Los obispos de Madrid piden manifiestamente el voto para el PP otra vez, vuelven a decirles a sus fieles que voten a los que están en contra del aborto, del matrimonio homosexual o de Educación para la ciudadanía. No sorprende, pero molesta.
Se trata sus creencias con respeto, se toleran acciones intolerables y ellos lo pagan con desprecio. Cuesta entenderlo.

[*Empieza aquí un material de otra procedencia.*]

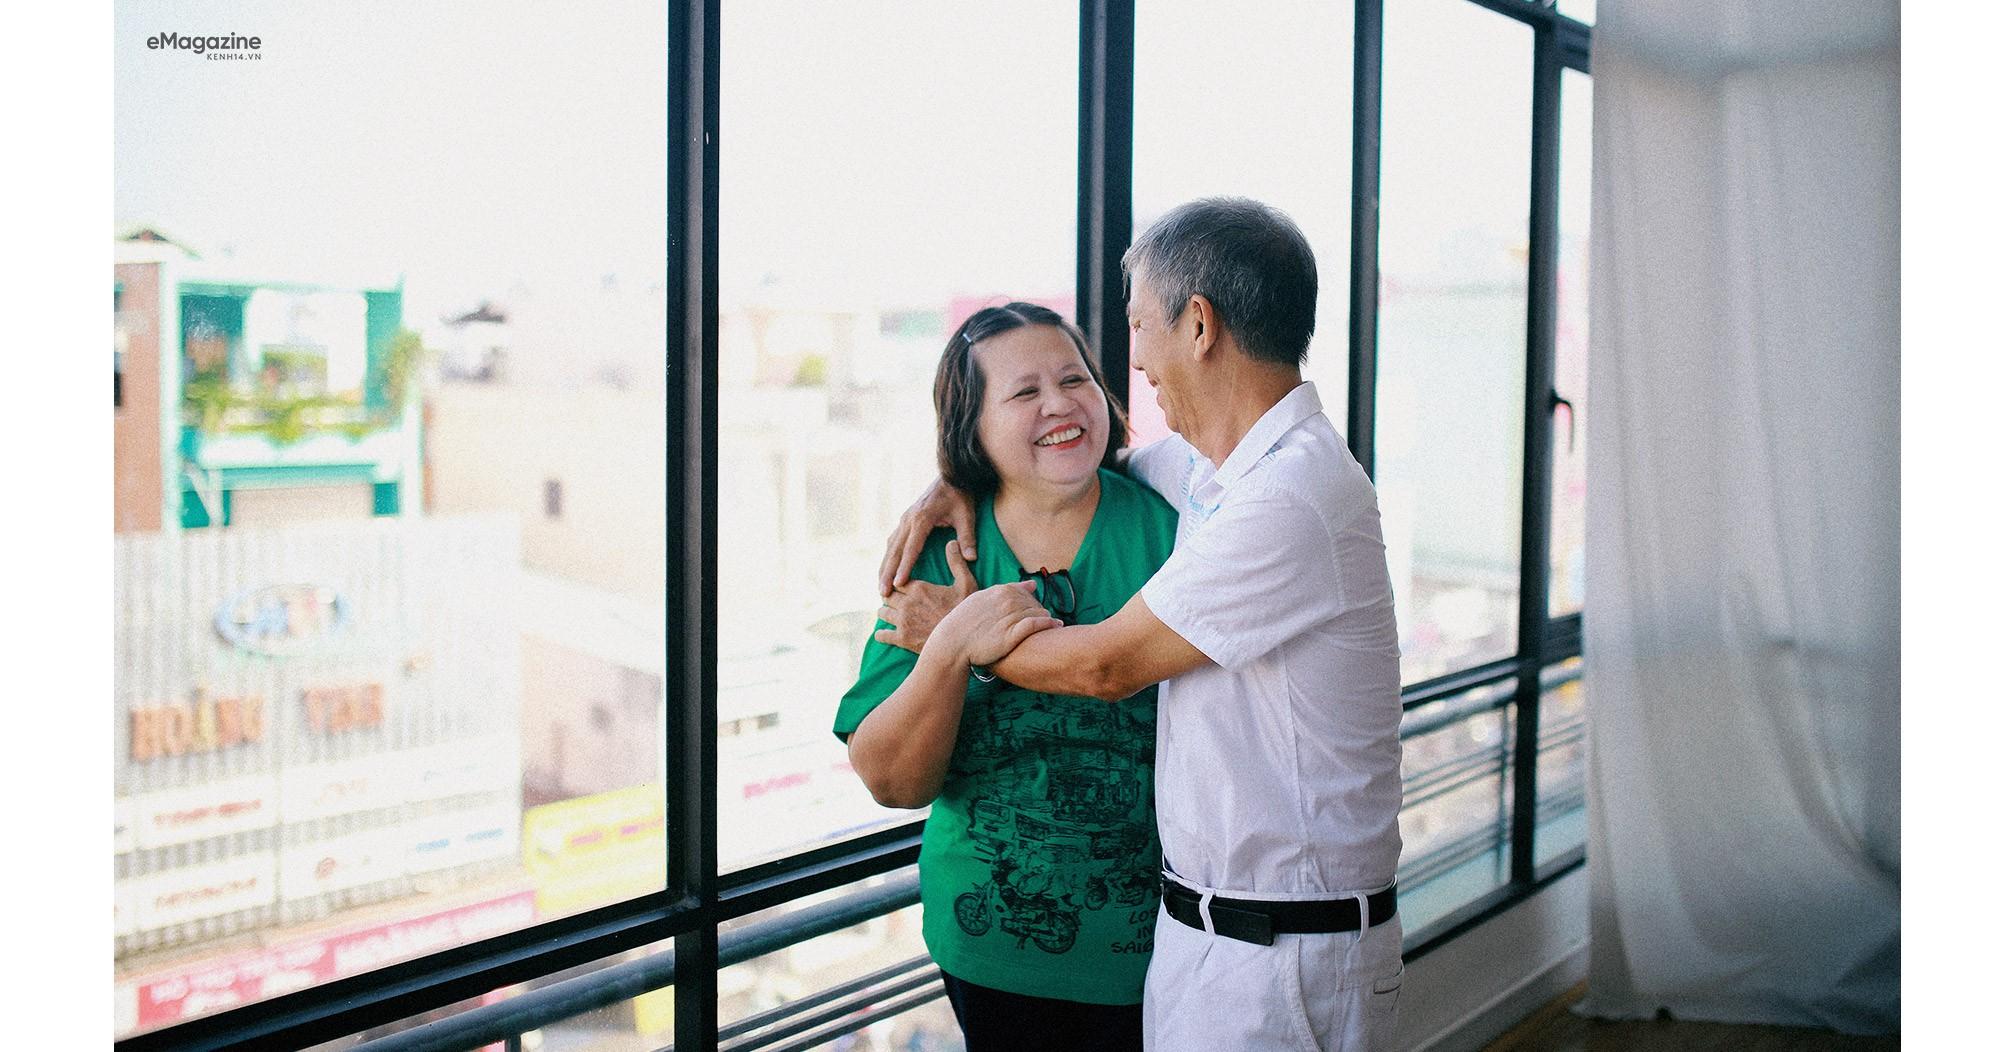 #ToiLaBenhNhanUngThu: Từ hashtag kiêu hãnh của Thủy Muối đến hành trình rất đẹp của các chiến binh ung thư - Ảnh 15.

Están asustados, el laicismo avanza con firmeza, pero eso no les cambia. Hoy mismo se ha conocido que ya la mitad de los niños no estudian Religión (católica, se entiende), ¿qué esperaban? Su forma anticuada de ver la vida, su total pasividad ante los peores crímenes en su propio seno, sus sonrojantes amenazas a la sociedad o su inmovilismo podrían estar detrás de este avance social, lento, sí, pero avance. Ante ello, ni el menor atisbo de autocrítica, sus radicales les aguantarán.

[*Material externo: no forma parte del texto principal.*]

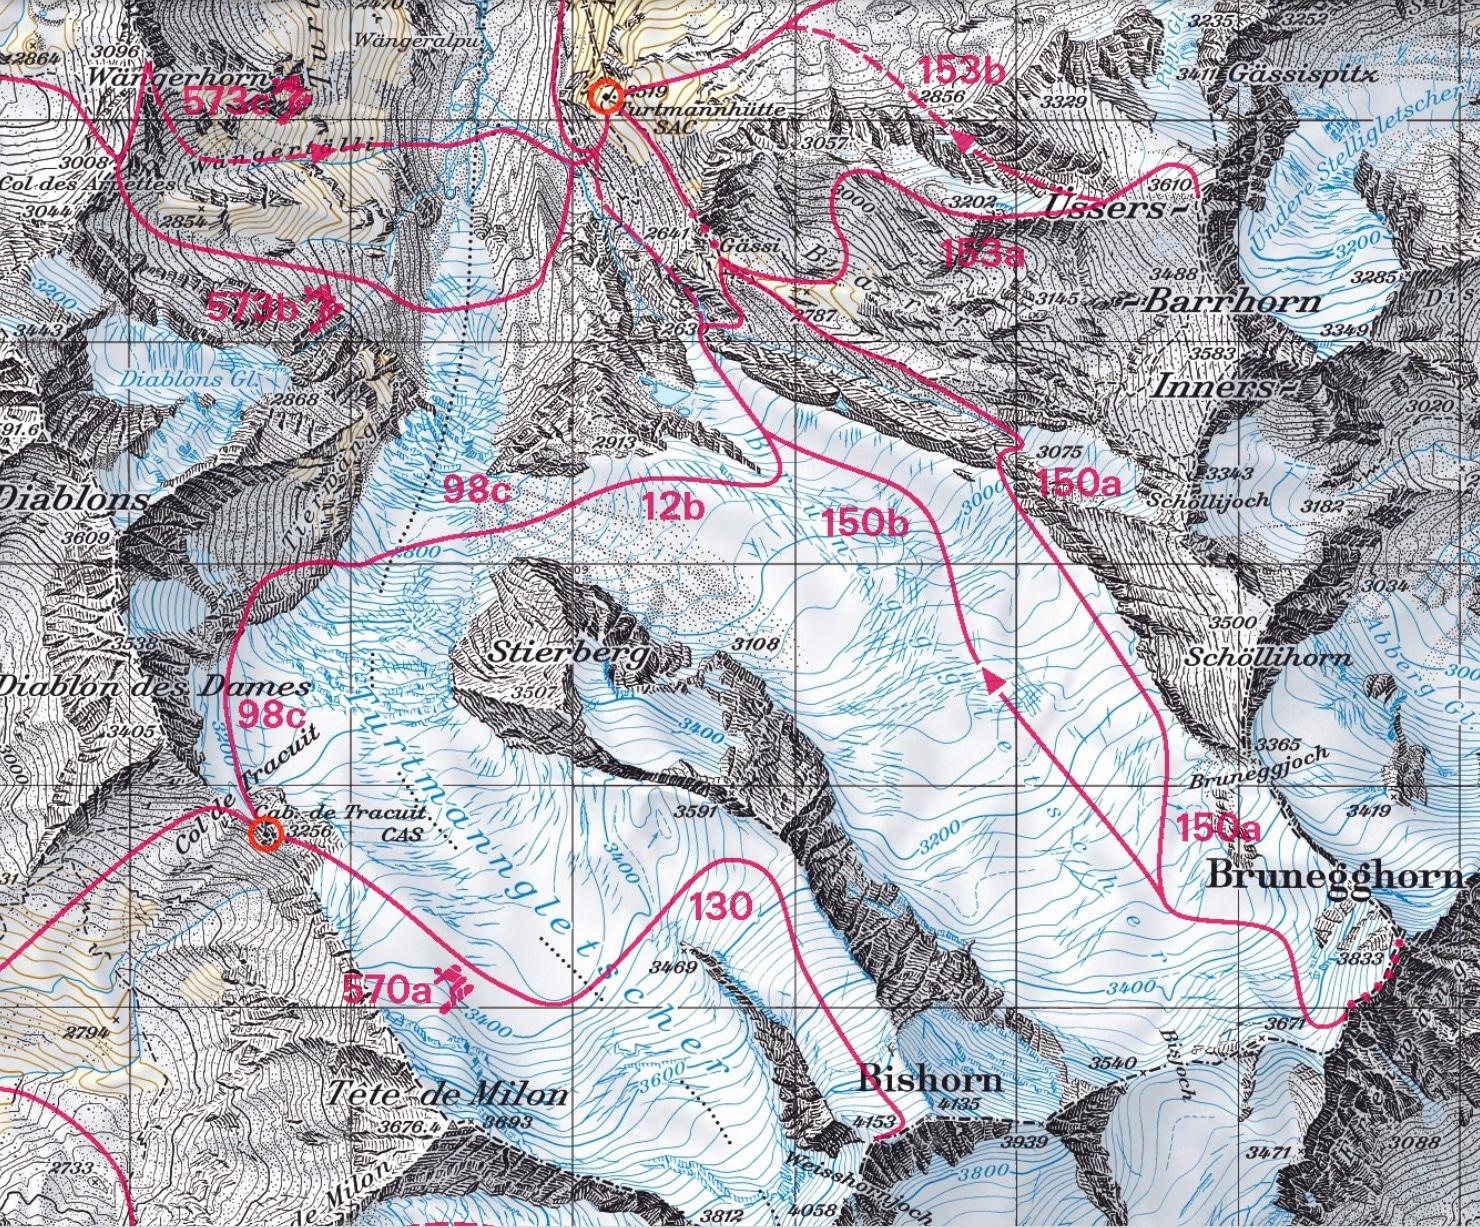 ski touring the Bishorn

En este país todavía la Iglesia católica se lleva un buen pellizco del dinero público, prueba de que la sociedad no ha sabido romper con ella. Entre todos debemos sacar la religión de escuelas, universidades y otros edificios públicos, ése es el punto de partida para sacarla de nuestras vidas.
Conste que yo respeto sus creencias, tolero sus actos irracionales y convivo con sus tradiciones, pero sueño con un mundo sin falsos dogmas, sin religiones.